Figure 6: Production flow rate for two different drilling rig schedules. Note that the unconstrained
minimum rig cost solution does not meet the quarterly production rate targets
This paper addresses the Rig Scheduling Problem (RSP) by taking a production systems perspective to incorporate more systematically variable uncertainty, and coupling between reservoir management objectives and operation objectives in applying simulation-based optimization.
Case study data supports the hypothesis that the commonly used heuristic of optimizing for rig utilization / cost does not necessarily best satisfy project production rate objectives. Significant variations in production rate (30%) and costs (19%) are possible depending on management decisions.

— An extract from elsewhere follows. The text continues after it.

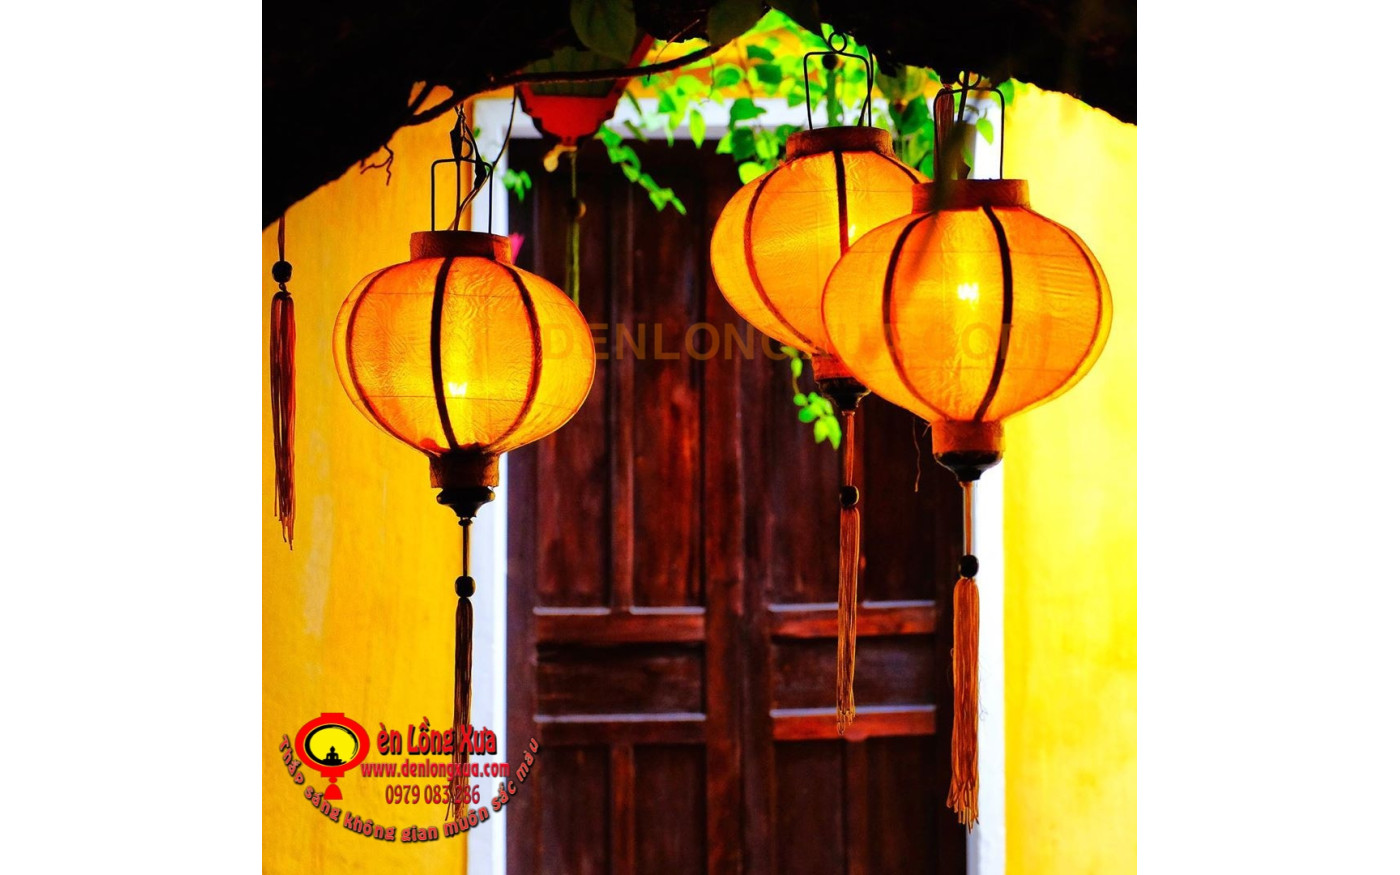 Đèn lồng Hội An là biểu tượng văn hóa độc đáo của Việt Nam và trở thành điểm đến không thể bỏ qua khi đến Hội An. Năm 2024, đèn lồng Hội An sẽ được thêm nhiều màu sắc và thiết kế mới, tạo ra những bức ảnh đẹp lung linh. Hãy đến Hội An vào mùa đông để trải nghiệm vẻ đẹp đầy màu sắc của đèn lồng và tìm hiểu về lịch sử và văn hóa độc đáo của thành phố cổ.

Practical benefits of using the production systems model with numerical simulation and optimization included reduced planning time and increased response time – the time it takes to handle schedule revisions due to changes in inputs. Additional contributions include reduction in scheduling errors.
Several areas for further work are suggested from this preliminary work. More detailed modeling of well completion activities can yield a more accurate model of the overall process. The work can benefit from a better analysis and representation of solution uncertainty. The algorithms used in the modeling can be improved to reduce feedback latency.
Finally, it is possible to have more systematic coverage of input parameters and their uncertainty. Some of the above attributes (such as geographic coordinates and water depth) are deterministic; others (such as presence of H2S and depth) are uncertain, but may be treated as roughly deterministic; and others (such as an oil potential and service time) are severely probabilistic. Uncertainty is a central issue in oil exploration and production. Thus, in order to define a profitable drilling strategy for oil wells, it is fundamental that the used methods take this component into account.
The author’s work was supported by a gift from the Project Production Institute.